A Month of New Habits: Permission to Read
During the month of February, we once again continued about our normal routines, but many of our small-group and individual conferences were framed within the context of habit.
In one conversation, Stacey mentioned something that showed us we needed to stay the course: ”I have been really busy with dance and science fair, so I haven’t been able to read as much as I’d like to, but now that science fair is done, I will hopefully be able to read more.”
The most challenging and eye-opening conversations were with my high-achieving students, who had become hyper-focused on their grades and projects and who felt that their independent reading—which most of them loved—was an indulgence they couldn’t afford.
Toward the end of the month, Bella told me in our conference, “I think I am reading better than before the study on habits because I am more conscientious about how I’m reading and the rewards/cues. My reward is having the satisfaction of knowing that I completed the reading assignment.”
Bella, an avid reader who had a new edgy YA book from the library every week and gleefully passed it on to her circle of friends, had left me a lot of room for thought about motivating passionate but thinly spread learners. Did they feel like they needed permission—for them, in the form of a mandate—to make reading a priority?
One of her friends, Allison, reflected, “I admit it: before this, I hadn’t read as much as I used to. I suppose (going forward) my cue could be that I’ve finished homework and/or have a lot of free time! My routine is to look at a clock, then read, read, read! I end up reading way longer than 20 minutes. My reward? I don’t really have one—I just like reading! I’m glad we started this because I’ve gotten back into reading. A lot!”
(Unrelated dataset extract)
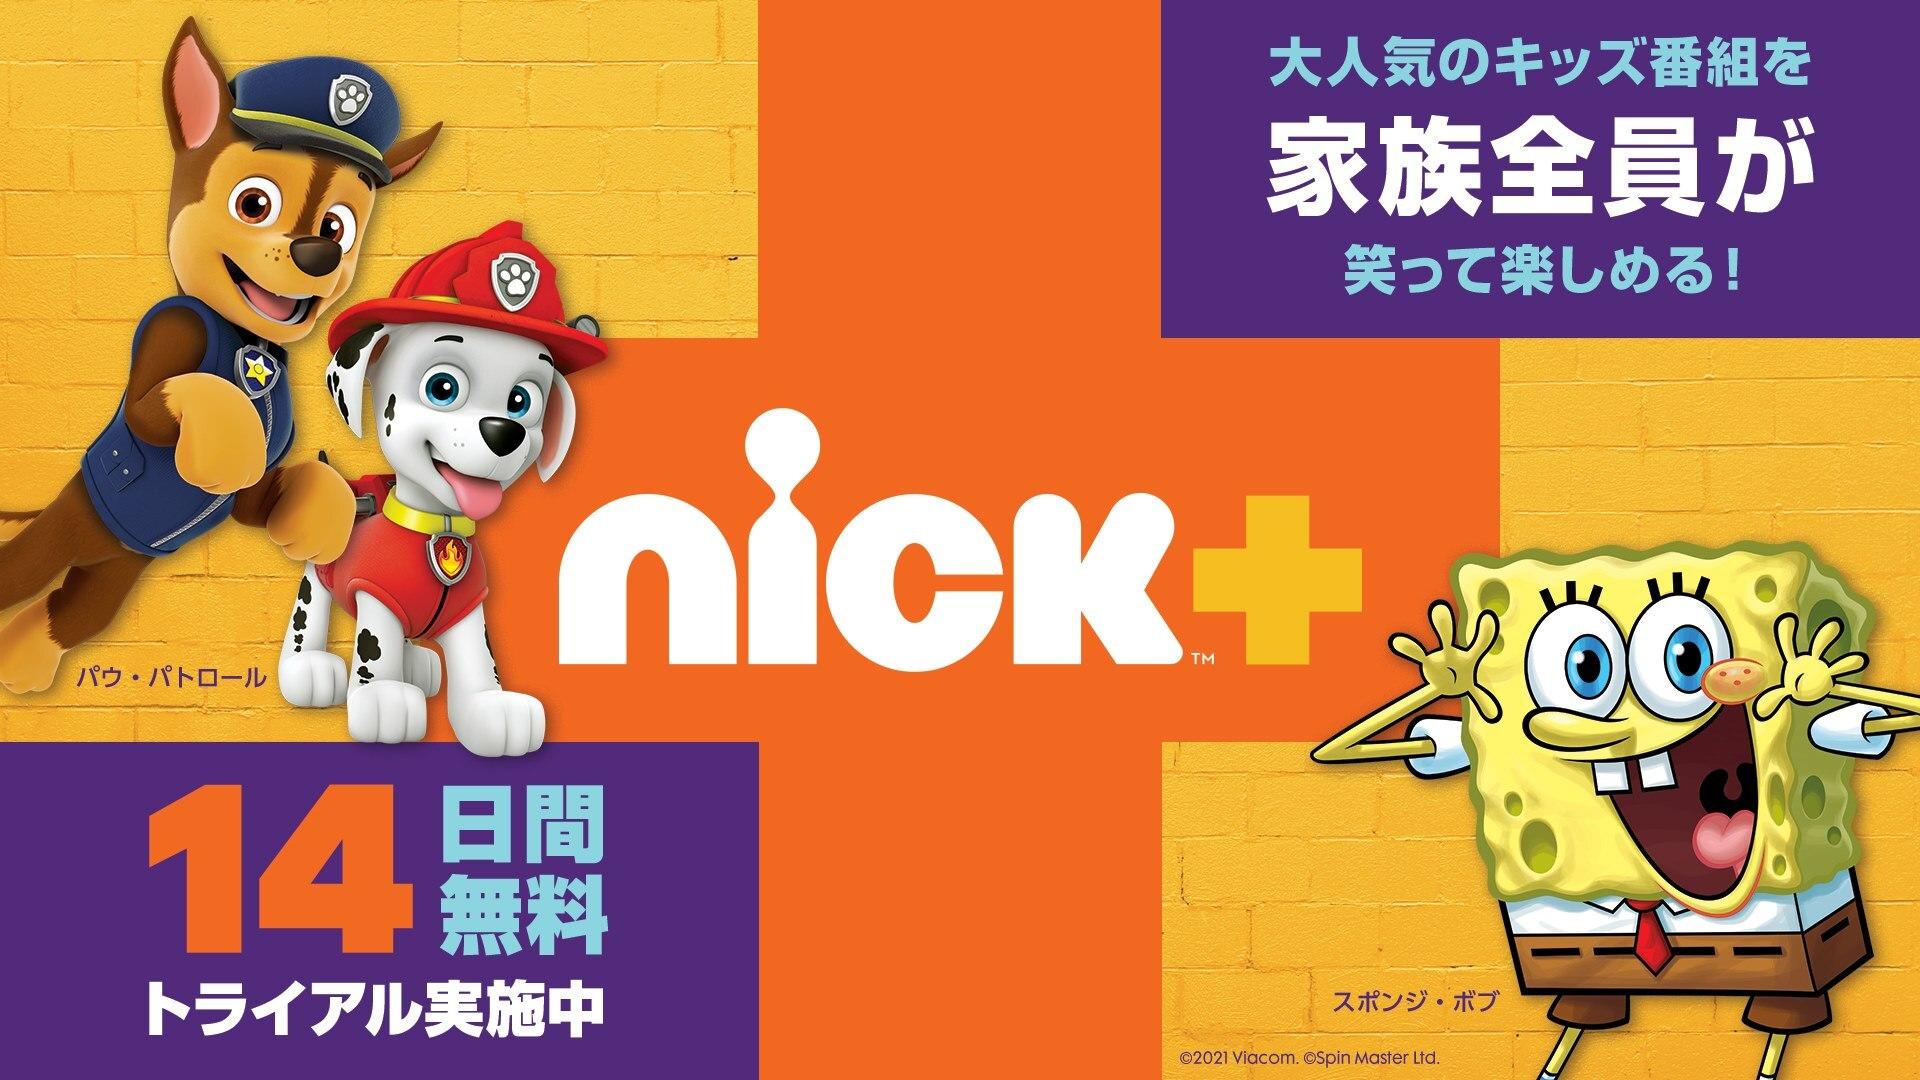 Nick+(ニックプラス)

In our month of laser focus on reading habits, Carly, our readers, and I found that
- goals and action steps are great, but the real transformative power comes from turning bad habits into good ones, and strengthening good ones;
- our tenets of reading engagement and independent reading were still important with our young adolescent readers, maybe more so than ever;
- students read for all kinds of reasons;
- the habit focus had more students reading significantly more—more than the minimum we’d set—that month;
- a select group of high-achieving students benefited from a “mandate” to read;
- . . . but for most students, the richest reading is intrinsically motivated.
When it comes to my own habits, I still have a lot of room for growth. At the end of the school year, I still had not kicked my chocolate chip cookie habit—admittedly, I didn’t try very hard; those things are amazing—but, like my students, I’d become more intentional about my reading time. With the right cues and rewards, I’m learning to let go of the laundry, take a little longer to respond to my emails, and give myself permission to indulge my reading habit.